An excellent point.  One of the huge advantages FOSS has over Microsoft and
other proprietary products is the license.  It's hard to even fit in one's
brain the idea of Microsoft giving away a perpetual free license to use
Microsoft Office, to give copies to all your friends and relatives, and for
them to be able to use it and distribute it the same way.  We take it for
granted.  To people used to proprietary software this seems like illegal
copying, but to us its a way of life.

I agree with Steve Walsh: that some of these people are going to pop out the
other end thinking they've got a chance in the world of Business IT, and be
sadly disappointed when they find their lack of real-world experience lets
them down.  But let's not kid ourselves - the market for Microsoft technical
support is huge, and they're always wanting juniors.  To me Microsoft is
simply wanting to distract more people away from the cool toys - Arduinos,
Raspberry Pis, Android phones, etc. - when they're starting to make a
decision about what technology they'll invest their time in.

*shrugs*  My brother did Cisco training as part of his degree.  That doesn't
seem to have locked him into only working on Cisco equipment.  Learning
Modula II (or Eiffel, COBOL, Haskell, Intel 8086 Assembler and C) didn't
lock me into using them in my work.  Up until 2004 I used Microsoft Windows
at home and worked on Solaris at work - having used some form of Unix at Uni
was more value there.  People take different paths, and learn many things.

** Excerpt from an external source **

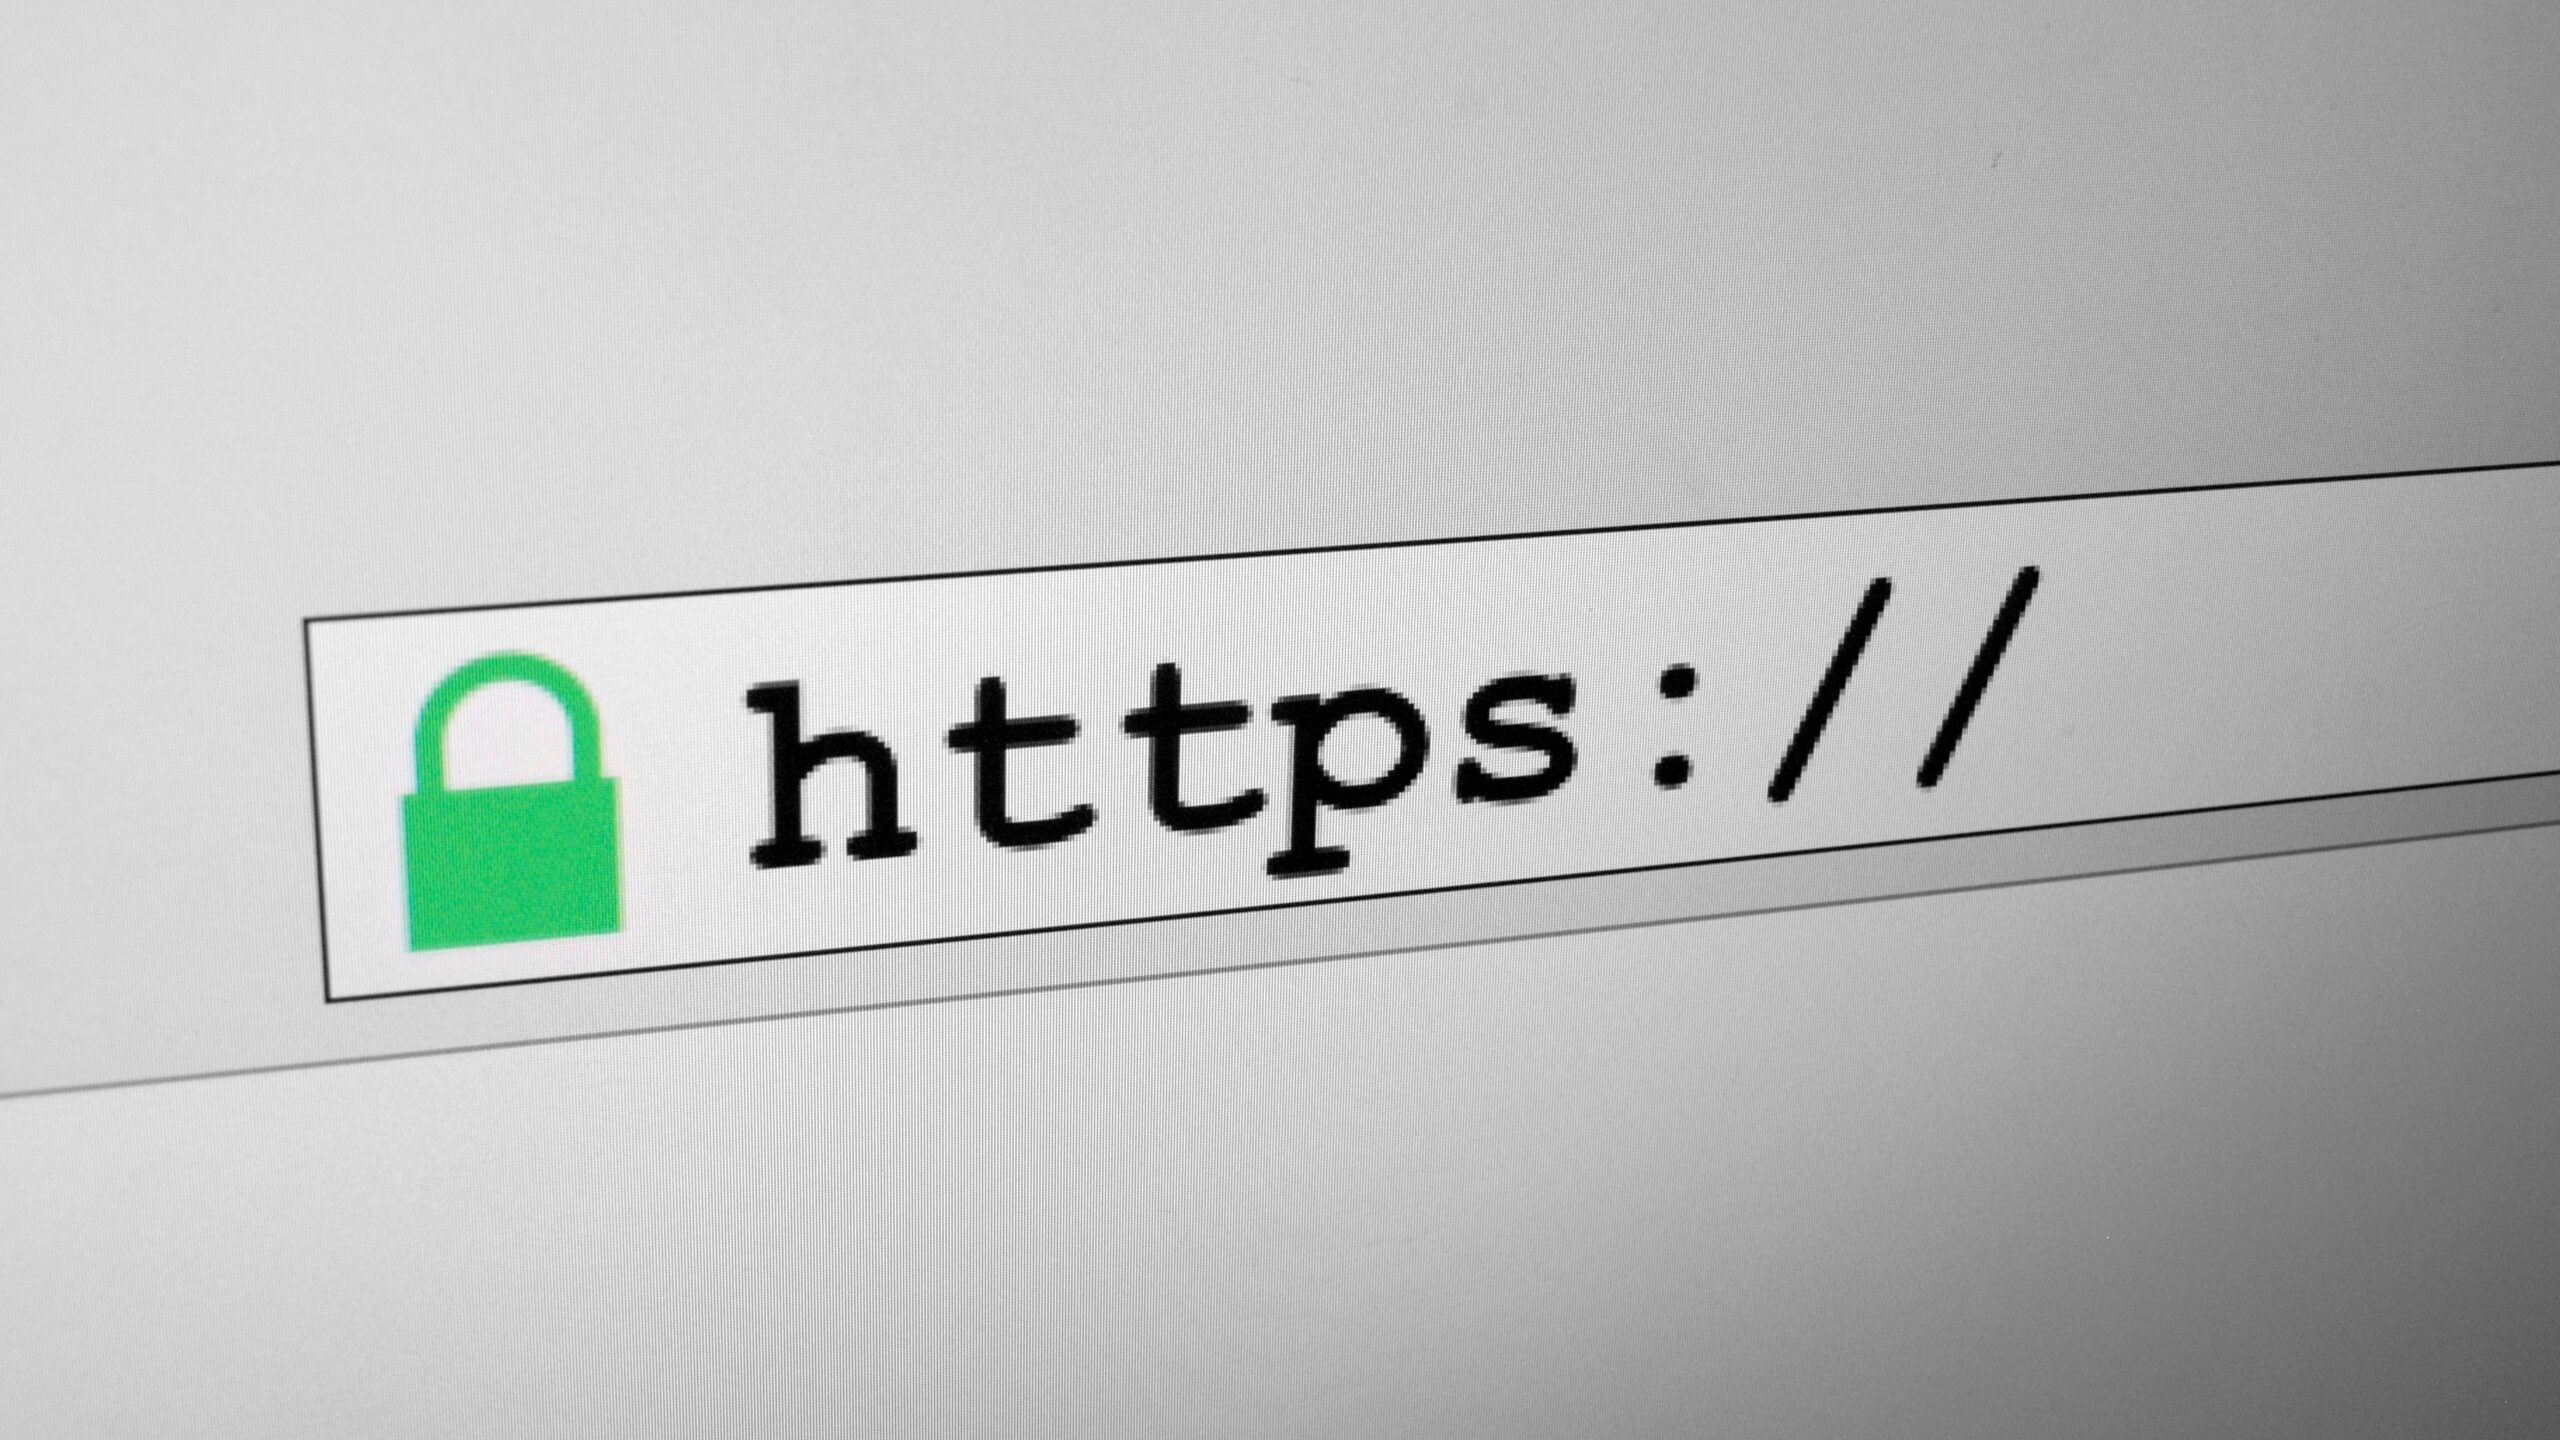 How To Create a Self-Signed SSL Certificate for Nginx in Ubuntu 22.04 LTS

But in my opinion Microsoft should be footing the bill here.  The Education
department shouldn't be paying Microsoft to run courses that promote its own
materials.  (And I also agree that private schools that can afford to
advertise shouldn't get any government funding, but that's beside this
particular point).

After all, we're giving away our software for free.  It already does
everything their expensive proprietary software does and a thousand things
more.  Until Microsoft gives their software away for free and lets everyone
copy it for free, they don't compare to FOSS for the good done to society.

Have fun,

Paul

P.S. It still amazes me that Microsoft charges for Windows.  I mean, why not
just give it away for free?  It's the perfect lock in to using the Microsoft
Store, Microsoft Office, Microsoft whatever and all the programs that rely
on it.  It must cost them a non-trivial sum to run the licensing programme.
 And if they gave it away for free, one of the chief advantages of FOSS
(free as in beer) is gone.  It might reduce the price of computers too, but
mostly that's a non-issue IMO.  I can only assume it's a combination of
pride and blind faith in the proprietary software religion that keeps them
insulting people by charging money for it.